Researchers predict the Amazon is in for trouble as the dry season gets longer; the changing weather could lead to a significant increase in devastating forest fires and droughts.

The research team burned 50-hectare forest plots in southeast Amazonia over an eight year period in hopes of gaining insight into how the changing weather affected tree deaths, a Woods Hole Research Center news release reported.

"[The surprise was] the importance of drought.  The forest didn't burn much in average years, but burned extensively in drought years," Woods Hole Research Center scientists Michael Coe said in the news release.

Climate change is expected to cut down the rainy season in the region and increase dry seasons and drought conditions.

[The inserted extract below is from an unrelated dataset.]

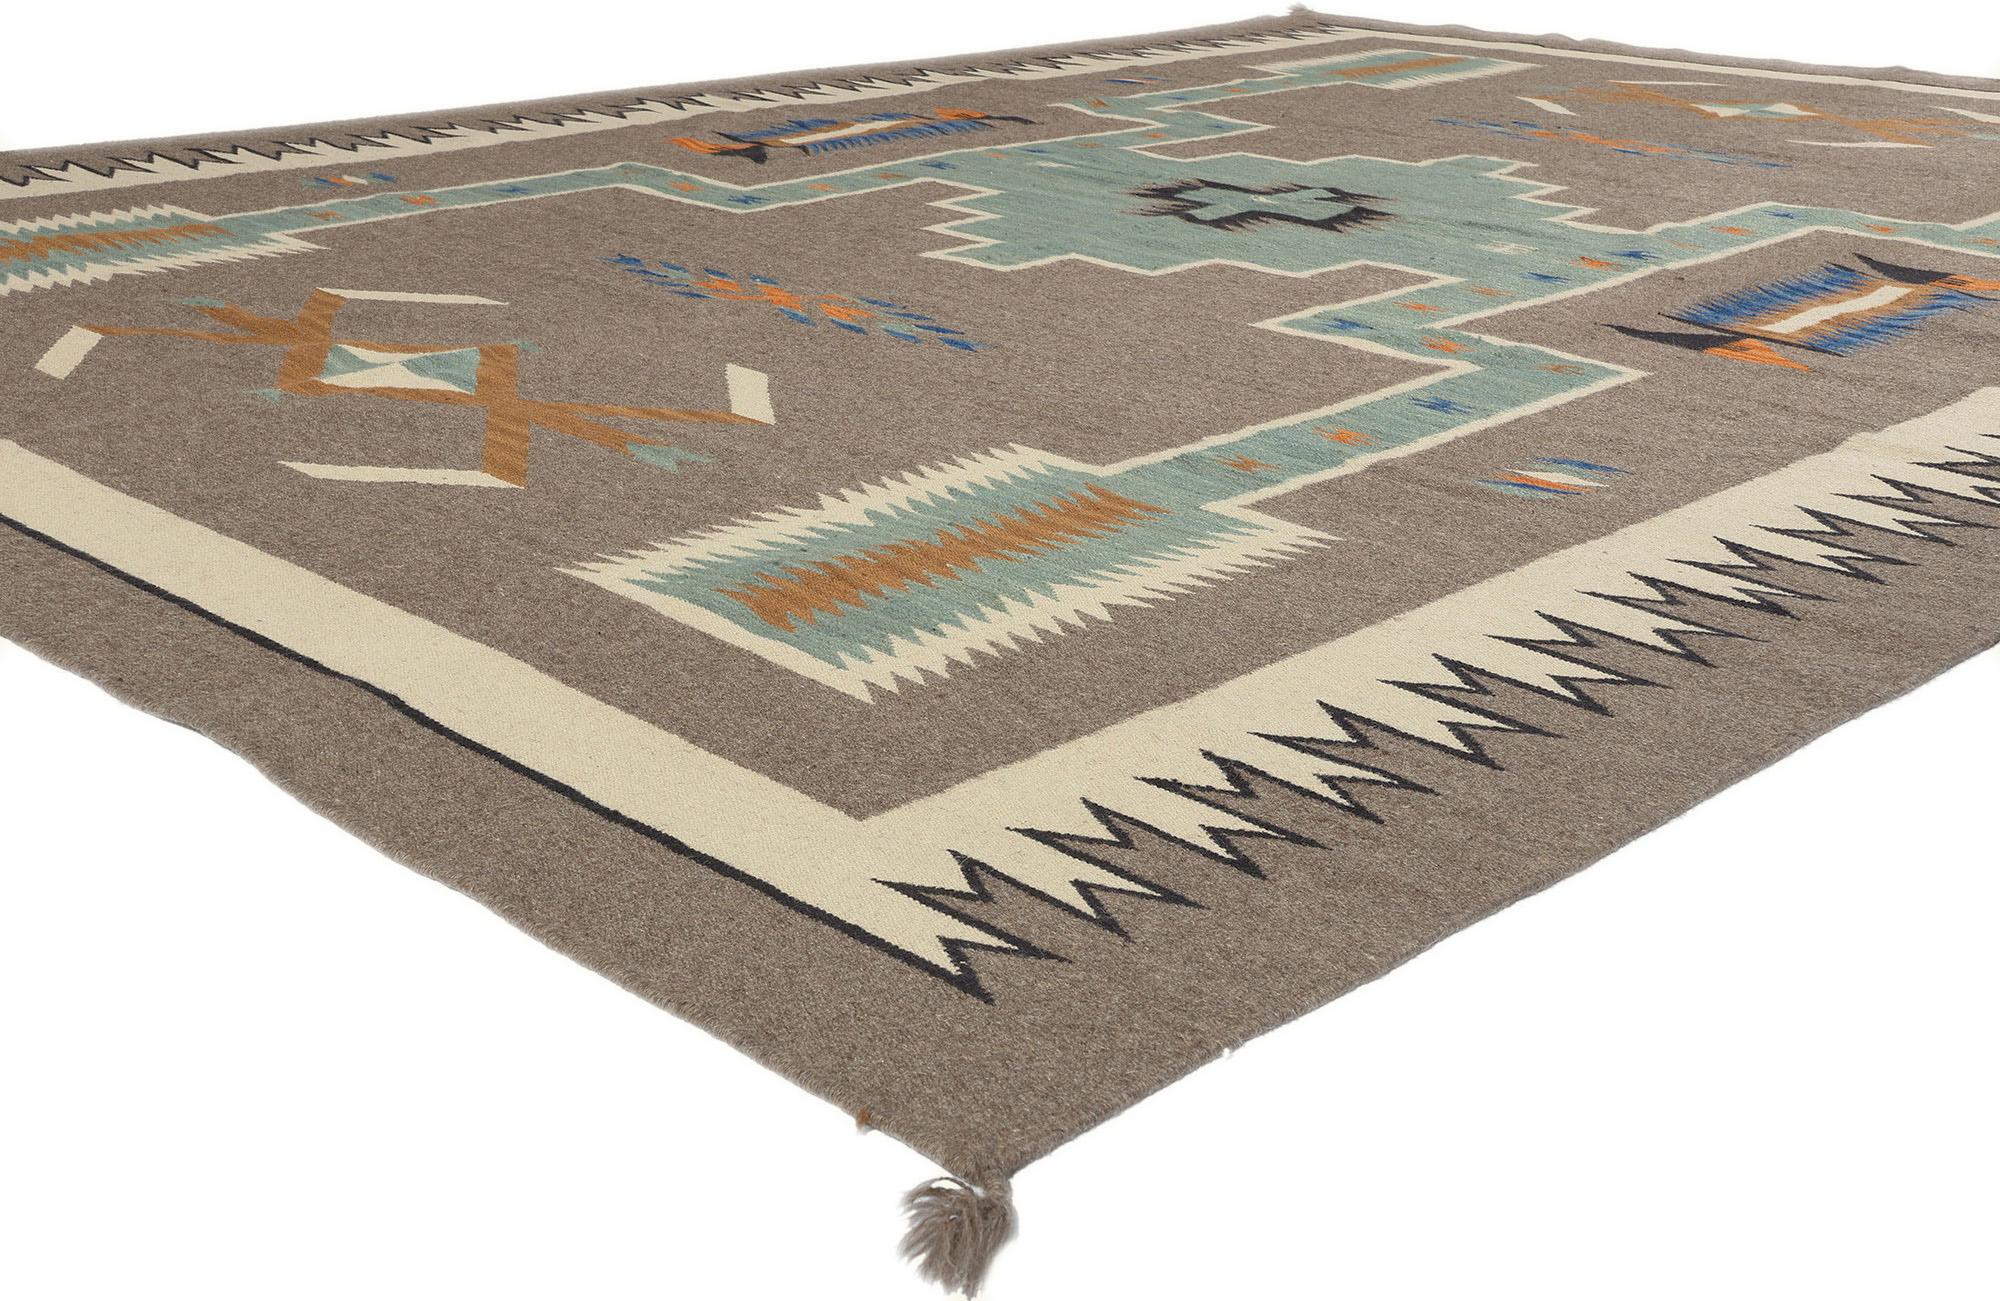 81026 Southwestern Navajo-Style Rug with Storm Pattern, 08'10 x 12'03. Embark on a magical journey through the enchanting fusion of Santa Fe and Southwestern styles within this meticulously handwoven Navajo-inspired rug, unveiling the timeless

"We tend to think only about average conditions but it is the non-average conditions we have to worry about," Dr. Coe said.

The experimental burns showed that fires in 2007 burned 10 times more area than they had in past years.  This is "an area equivalent to a million soccer fields" co-author Douglas Morton of NASA said in the news release.

"Agricultural development has created smaller forest fragments, which exposes forest edges to the hotter dryer conditions in the surrounding landscape and makes them vulnerable to escaped fires," Doctor Marcia Macedo, another researchers on the project, said in the news release. "These fragmented forests are more likely to be invaded by flammable grasses, which further increase the likelihood and intensity of future fires."

The research shows that fires are already destroying Southern Amazonia forests and the devastation is only going to get worse.

"This study shows that fires are already degrading large areas of forests in Southern Amazonia and highlights the need to include interactions between extreme weather events and fire when attempting to predict the future of Amazonian forests under a changing climate," lead-author doctor Paulo Brando said in the news release.

"None of the models used to evaluate future Amazon forest health include fire, so most predictions grossly underestimate the amount of tree death and overestimate overall forest health," Dr. Coe said.